Молодой человек, надо сказать, сложность своего положения прекрасно понимал, потому и с самого начала начал заботиться о приобретении серьёзного политического союзника-покровителя, без которого самостоятельно утвердиться в столице в качестве уважаемой и значимой персоны справедливо представлялось ему невозможным. Выбор такового Октавианом был сделан быстро: пребывая на вилле своего отчима в Кумах, он воспользовался соседством Цицерона и вместе с Луцием Марцием Филиппом нанёс ему визит вежливости. Держался Октавий – так его представил политику отчим, деликатно опустив уже широко прокламированное пасынком принятое имя великого родственника – очень скромно, демонстрировал Цицерону почтение и даже восхищение. Тот же был крайне сдержан, как и подобало человеку пожилому и прославленному в общении с юнцом, чьи перспективы в Риме были весьма туманны. Оратор знал, конечно, что юноша объявил себя Гаем Юлием Цезарем ещё до официального акта об усыновлении и намерен бороться за наследство диктатора, но пока не стал именовать его столь громким именем. Подобно отчиму он употребил его родовое имя Октавий[242]. Тем не менее, знакомство состоялось, и пренебрежения к восемнадцатилетнему дебютанту большой римской политики Цицерон не высказал, снисходительно принимая его восторженность и очевидную лесть. Нельзя забывать, что мстительные намерения Гая наверняка также были известны оратору-республиканцу и никак не могли вызвать у него каких-либо симпатий.
Прибыв в Рим, приветливо встреченный радугой, как мы помним, Октавий внимательно выслушал все опасения родных и сказал, что «сам выйдет Антонию навстречу как более молодой к старшему и как частное лицо к консулу, и что к сенату будет относиться с должным уважением. Постановление же, по его словам, состоялось потому, что никто не поднял обвинения против убийц. Если же кто-нибудь смело поднимет обвинение, тогда и народ это поддержит как дело законное, а сенат и боги как справедливое, поддержит его равным образом и Антоний. Если же он, Октавий, не выставит свои права на наследство и усыновление, то он погрешит против Цезаря и лишит народ распределения денег»[243]. Речь свою Октавий завершил эффектными словами, что почитает «для себя прекрасным не только подвергнуться опасностям, но и умереть, если он, получивший такое предпочтение со стороны Цезаря, может оказаться достойным его, подвергавшегося так охотно опасностям».[244] Далее он процитировал «Илиаду», то её место, где богиня-мать Фетида предупреждает героя-сына Ахиллеса о грозящей ему смертельной опасности в случае мести за друга Патрокла:
Цитату юноша прокомментировал своеобразно: Ахиллес-де заслужил вечную славу, отомстив за смерть друга, а он, Октавий, оплакивает и готов мстить даже ценою собственной жизни за «императора, который при том пал не по закону войны, но был кощунственно убит в сенате»[246].

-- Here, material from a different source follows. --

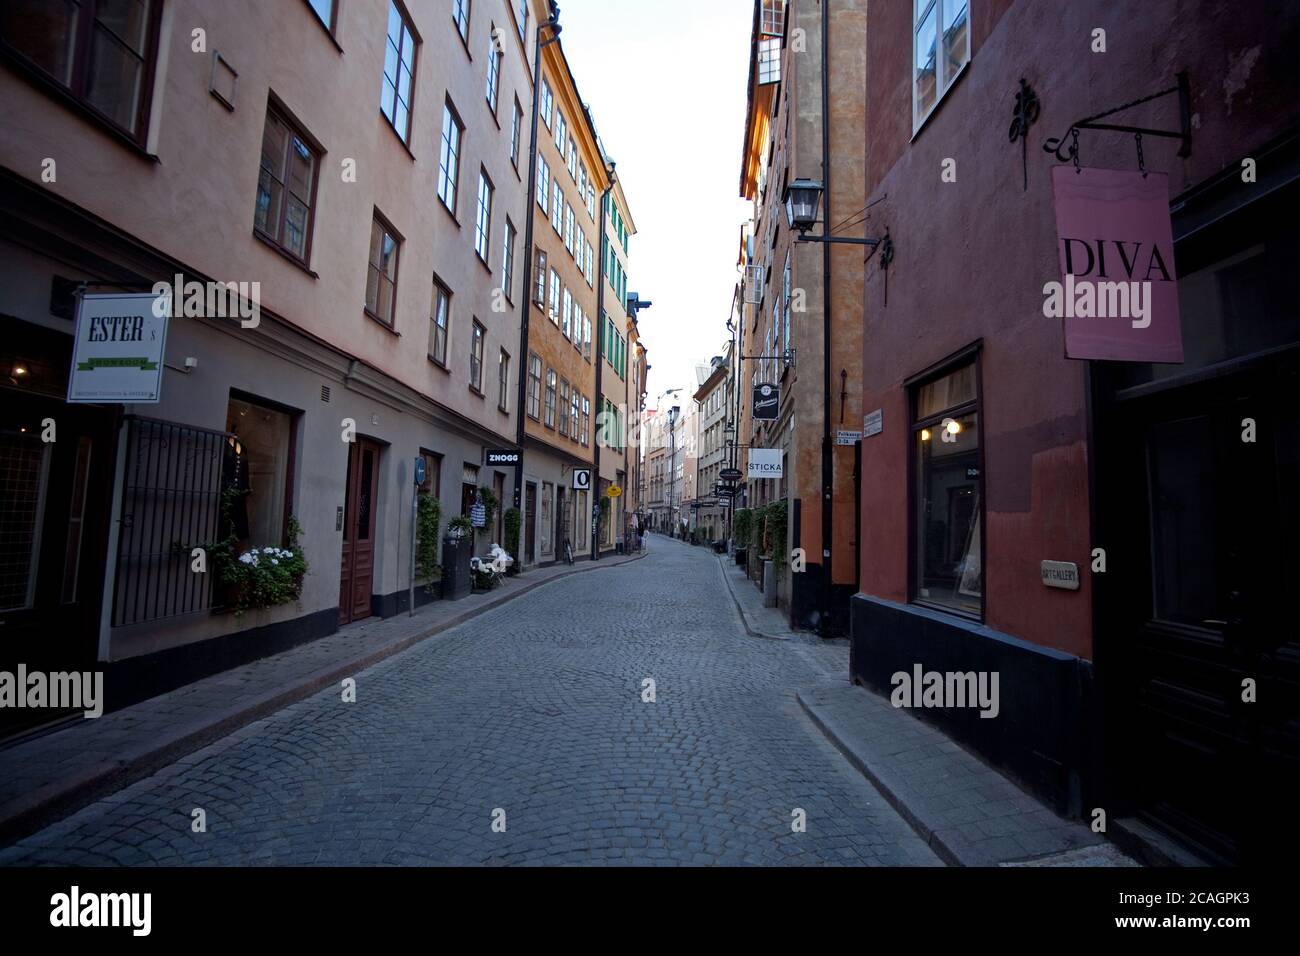 Stockholm, Sweden - June 11, 2020: An almost completely empty old town of Stockholm. Usually full of tourist a day like this in June. Now deeply affec Stock Photo

Атия, выслушав столь доблестные слова Гая, немедленно «сменила страх на радость и приветствовала своего сына как единственного достойного Цезаря человека»[247]. Мать не только поддержала Октавиана словами похвалы его достойных намерений. Как подлинно мудрый человек Атия, с одной стороны, побуждала Гая поспешить с выполнением своих замыслов, но при этом советовала действовать не прямолинейно, а хитро, введя противника в заблуждение. Проявлять открытую смелость было ещё явно не время, потому она убеждала сына пока терпеливо сносить обиды, избежать которых было в его положении едва ли возможно[248].
Слова матери падали на хорошо подготовленную почву и дух их соответствовал нраву самого наследника Цезаря. С младых ногтей Гаю были свойственны осторожность и расчётливость в своих действиях. Никогда не был он рабом своих страстей. То ли сильные страсти вообще не были свойственны его хладнокровной натуре, то ли он рано научился их подавлять. При этом честолюбие у молодого человека было титаническое. Иначе он не вступил бы столь отважно и решительно в борьбу за всё наследие великого родственника.